Я даже завел себе особое место, куда уходил специально для своих мечтаний. Это был маленький балкончик в мезонине.

Вас, может быть, удивят мои мечты. Может быть, вы подумаете: так не может мечтать грубый, развратный, жестокий и безнравственный человек. Но, Бога ради, не судите так поспешно.

Всякий человек способен на все! Может, на костер пойдет, а может, ограбит.

Я не знаю, хороша или нет слащавая сантиментальность.

Не знаю и не чувствую, что лучше: насиловать женщин или плакать и целовать засохшие цветы.

Но исповедь должна быть полной. И если вы знаете, что я в своем воображении могу быть зверем, то знайте, что я могу быть и вздыхателем!

Перед маленьким балкончиком, внизу, зеленела недавно посаженная липовая аллея. Ее посадила Верочка. Часто я приходил туда. Деревья в моем воображении вырастали, аллея становилась тенистой, почти темной. Сад превращался в столетний запущенный парк, клумбы почти теряли свою форму, они зарастали дикой мальвой и полынью, обвитой плющом.
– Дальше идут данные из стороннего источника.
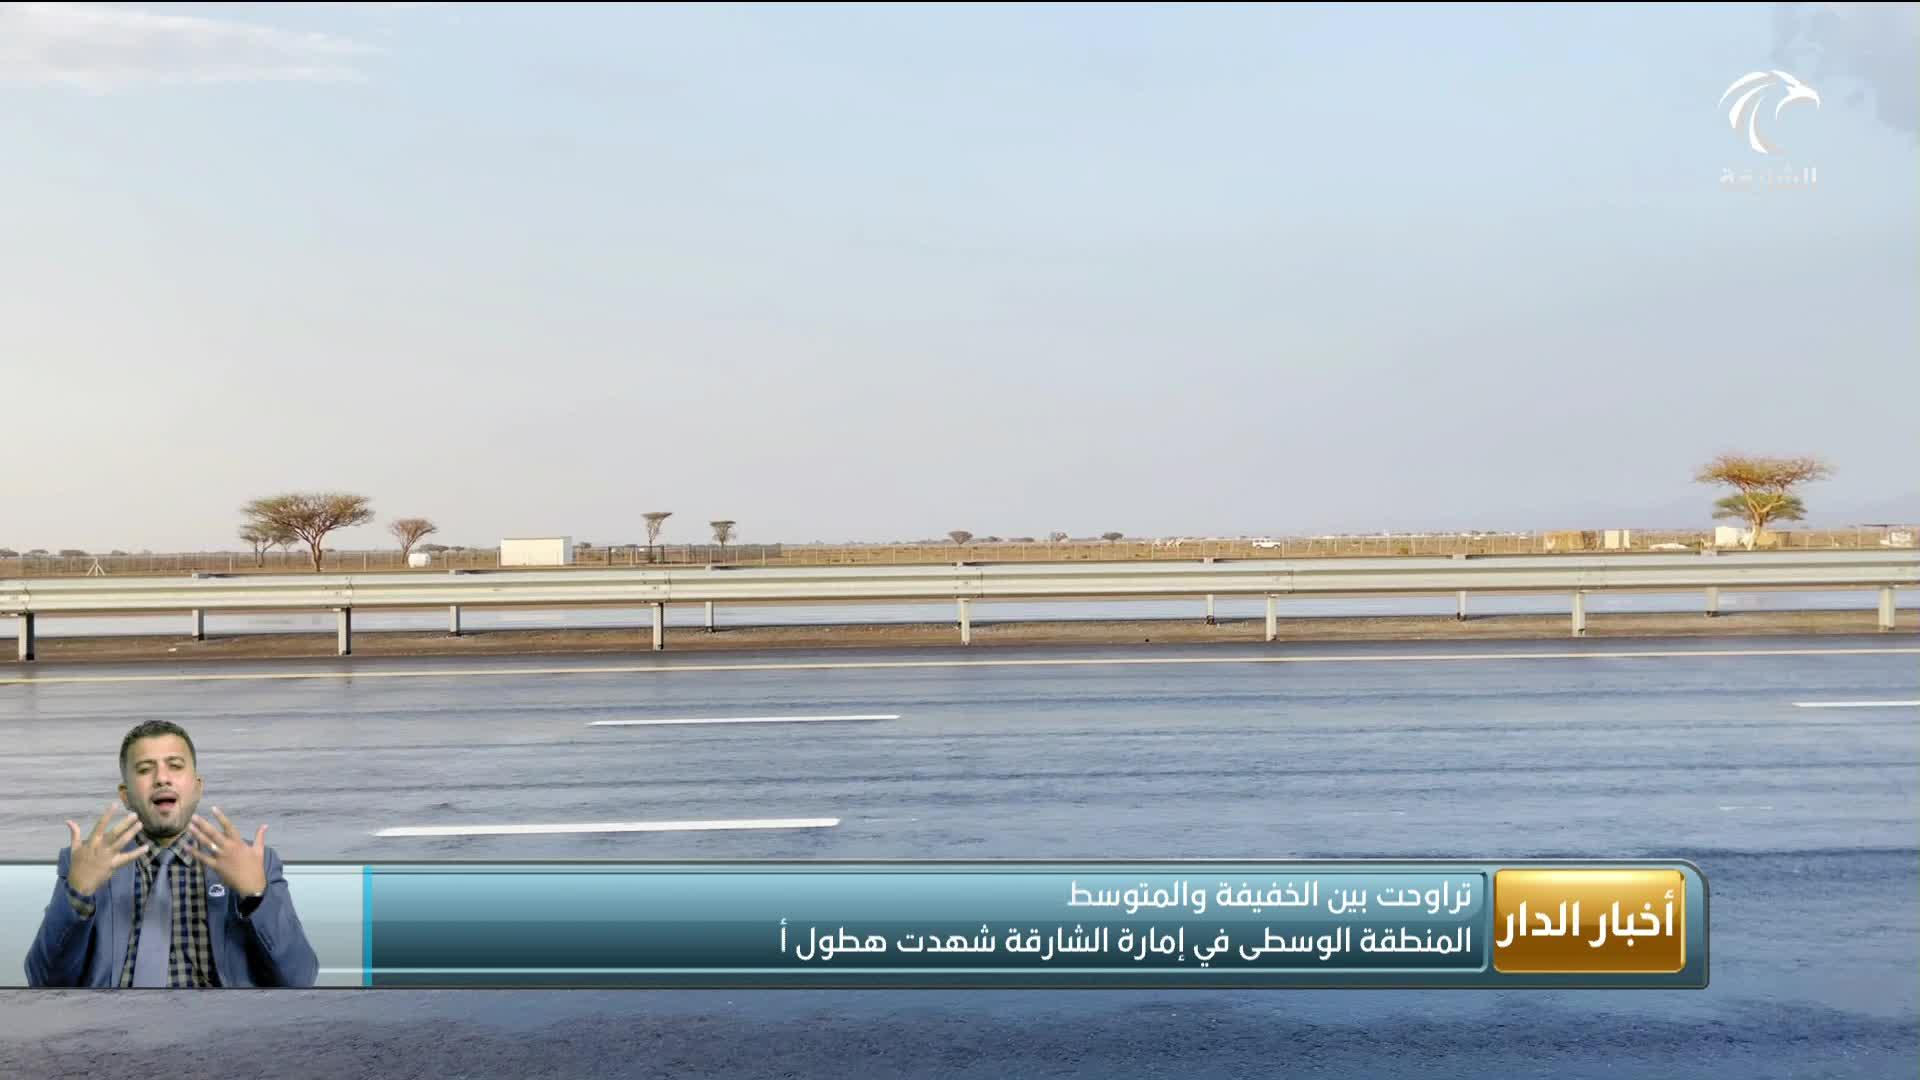 المنطقة الوسطى في إمارة الشارقة شهدت هطول أمطار الرحمة

Дом почти разрушен, крыша провалилась. Ставни отлетели. Я, старенький-старенький старичок, Бог весть какими судьбами занесенный в эти края, сижу на скамейке, смотрю на балкон, и теплые слезы о невозвратном прошлом бессильно текут по моим щекам. И чудится мне, что вот-вот появится милое веселое личико, раздастся детский веселый смех, мелькнет розовенькое нежное платье и она, Верочка, бросится ко мне, поцелует, оглядываясь, как бы кто не увидал, и, увлекая меня в темный сад, скажет:

– Ну, монах… пойдемте, там никто не увидит.

А с балкона незаметно сойдет маленький Трофим Трофимович со своею всегдашней улыбкой, поцелует меня в щеку, погрозит пальцем Верочке.

– Ты у меня, стрекоза, – скажет он…

А мы, смеясь, убежим от него в прохладу парка.

Но все это мечты. Они не придут. Передо мной полусгнивший балкон, оборванный виноград стелется по земле… Верочки давно уже нет здесь – она умерла. И не прежняя Верочка, а сморщенная старушка тлеет теперь в земле. Трофим Трофимович тоже умер, и сам я чувствую, что скоро и мой конец.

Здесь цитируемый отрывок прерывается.